- Simplified Chinese: 你好，旧时光
- Genre: Romance Coming-of-age
- Based on: Hello, Old Times by Ba Yue Chang An
- Directed by: Sha Mo
- Starring: Li Landi Zhang Xincheng
- Opening theme: My Light (我的光) - Huang Yali
- Ending theme: The Right to Choose (遥远的歌) - Liu Xijun
- Country of origin: China
- Original language: Mandarin
- No. of seasons: 1
- No. of episodes: 30

Production
- Executive producer: Dai Ying
- Production location: Qingdao
- Running time: 45 minutes
- Production companies: iQiyi, Sugar Man Media, HS Entertainment

Original release
- Network: iQiyi
- Release: 8 November 2017

Related
- With You Unrequited Love

= My Huckleberry Friends =

My Huckleberry Friends (你好，旧时光) is a 2017 Chinese streaming television series based on the novel Hello, Old Times (你好，旧时光) by Ba Yue Chang An (八月长安). It stars Li Landi and Zhang Xincheng in lead. It aired on iQiyi from 8 November 2017.

==Synopsis==
This series follows Yu Zhou Zhou, a math prodigy, who defies her teachers and family's expectations and elects to study liberal arts; and Lin Yang, a friend she really treasures but grew apart from due to rumors and reconcile.

==Cast==
- Li Landi as Yu Zhou Zhou
- Zhang Xincheng as Lin Yang
- Zhou Chengao as Ben Ben
- Li Qian as Mi Qiao
- Xu Meng Yuan as Xin Rui
- Cao En Qi as Chen An
- Tang Meng Jia as Ling Xiang Qian
- Zhao Jian Lei as Jiang Chuan
- Chen Peng Wan Li as Chu Tian Guo

==Soundtrack==

| No. | Title | Singer | Length |
|---|---|---|---|
| 1. | "Time Delusion (时光遐想)" (Theme song) | Xu Fei | 3:54 |
| 2. | "My Light (我的光)" | Huang Yali | 4:29 |
| 3. | "The Right to Choose (遥远的歌)" | Liu Xijun | 2:54 |
| 4. | "My Good Friend (我的好朋友)" | Zhang Yiran | 4:35 |
| 5. | "Eighteen Year Old Me Who Loves You (爱你的我十八岁)" | Zuo Yan | 3:38 |
| 6. | "Wind (风)" | Wang Xiaomin | 4:26 |
| 7. | "People in the City (城市中的一些人)" | Li Qi | 4:42 |
| 8. | "Secrets Untold (未说完的秘密)" | Sun Zihah | 4:36 |
| 9. | "My Light (我的光)" | Zhou Ziyan | 4:29 |
| 10. | "Thank You (谢谢侬)" | Eason Chan | 4:20 |
| 11. | "Ten Years (十年)" | Eason Chan | 3:25 |
| 12. | "Sponges (泡沫)" | 花儿乐队 | 5:15 |

==Reception==
The series was praised for incorporating family, kinship, friendship and romance; and showing timeline of growth to fully showcase a picture of youth.
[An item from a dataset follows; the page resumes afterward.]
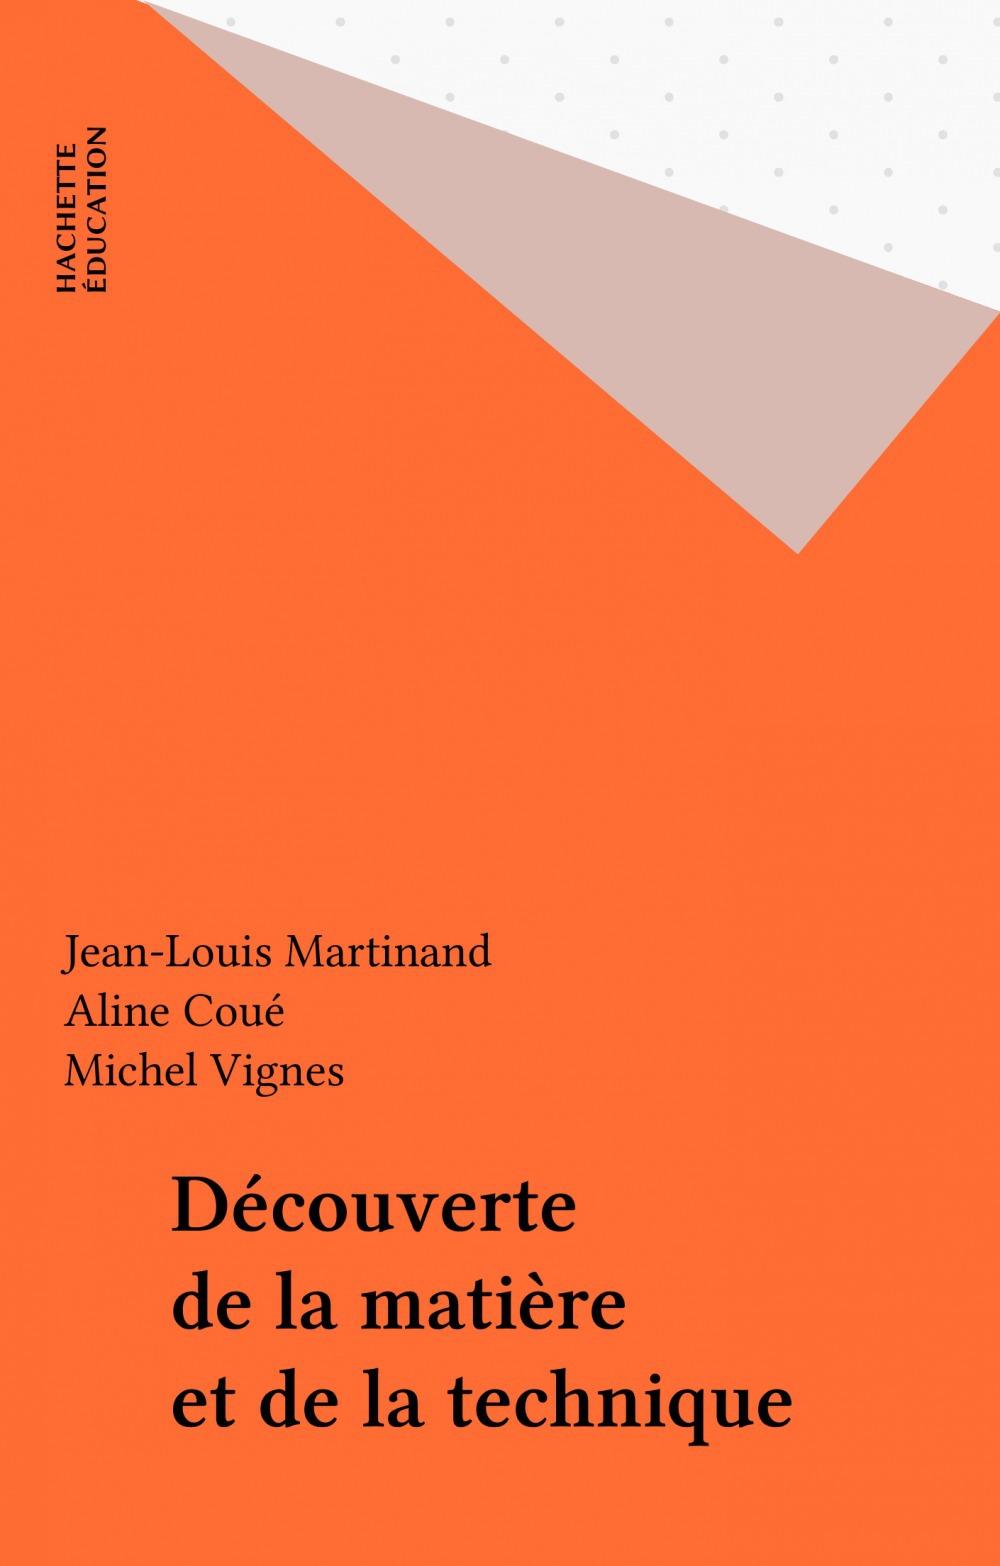 Jean-Louis Martinand Découverte de la matière et de la technique

==Awards and nominations==

| Award | Category | Recipient | Result | Ref. |
|---|---|---|---|---|
| 29th China TV Golden Eagle Award | Outstanding Television Series |  | Nominated | ^{[citation needed]} |
| 5th Hengdian Film and TV Festival of China | Outstanding Television Series | Li Jia | Won |  |

==Sequel==
My Huckleberry Friends is the second installment of a youth series written by Bayue Changan, following With You and before Unrequited Love.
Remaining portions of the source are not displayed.